Published in final edited form as: Analyst. 2013 Oct 8;138(23):10.1039/c3an01658g. doi: 10.1039/c3an01658g

Dual Colorimetric and Luminescent Assay for Dipicolinate, a Biomarker of Bacterial Spores

Kasey J Clear a, Sarah Stroud a, Bradley D Smith a,
PMCID: PMC3841008  NIHMSID: NIHMS530640  PMID: 24106737

Abstract

A binary mixture of Tb3+ and pyrocatechol violet (PV) forms a 1:1 Tb3+/PV complex that can be used in a dye displacement assay. Addition of dipicolinate (DPA) to the Tb3+/DPA complex simultaneously produces a PV color change from blue to yellow and luminescence emission from the newly formed Tb3+/DPA complex.

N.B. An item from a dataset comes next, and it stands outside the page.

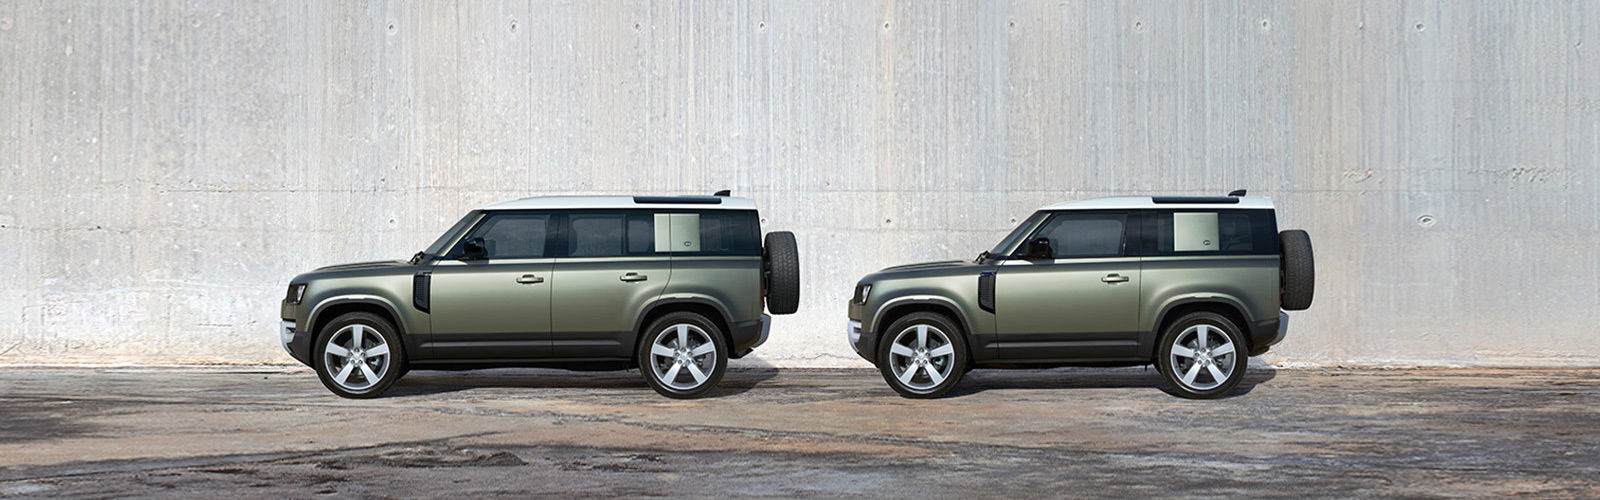 Land Rover 4x4 Cars & Luxury SUV | Land

Many endospore-forming bacteria produce infectious disease in animals and humans.1 For example, species of Bacillus and Clostridium genera are the causative agents of anthrax and tetanus, respectively. Endospores are fascinating examples of biological evolution, and they are endowed with a remarkable set of structural properties that allow them to survive for very long periods of time even under extreme conditions.2 The possibility of endospores being exploited as biological warfare agents is an ongoing national security concern, and there is an urgent need for new and improved methods of killing endospores.3 One way to find novel antibiotics is to screen chemical or photochemical libraries using a high throughput assay that identifies lead candidates for further testing and development.4 In the case of endospores, the classical method for determining antibiotic efficacy employs a 24 hour agar plating process to measure the number of viable colony forming units after treatment.1,5 This method consumes considerable resources and is difficult to develop into a high throughput assay. Alternative assays in the literature focus on the detection of biomarkers that are associated with endospores.6 One of the best known biomarkers is dipicolinate (DPA), a small molecular weight dianion that makes up approximately 5–15% of spore dry weight.7 Previous studies have demonstrated that DPA is released by dead endospores and that the amount of released DPA is a surrogate biomarker for degree of endospore death.8 Thus, we have initiated a project to develop a high throughput screening assay that reports the amount of DPA released by a treated sample of endospores. We expect that the assay will utilize multiwell plates with each microwell containing a separate population of treated endospores. Since the assay can be manipulated to generate reasonably high levels of DPA, the most important design feature is not DPA sensitivity but rather technical convenience. Here, we report our first advance in the project, namely, a dye displacement assay that produces a dual luminescent and colorimetric response to DPA.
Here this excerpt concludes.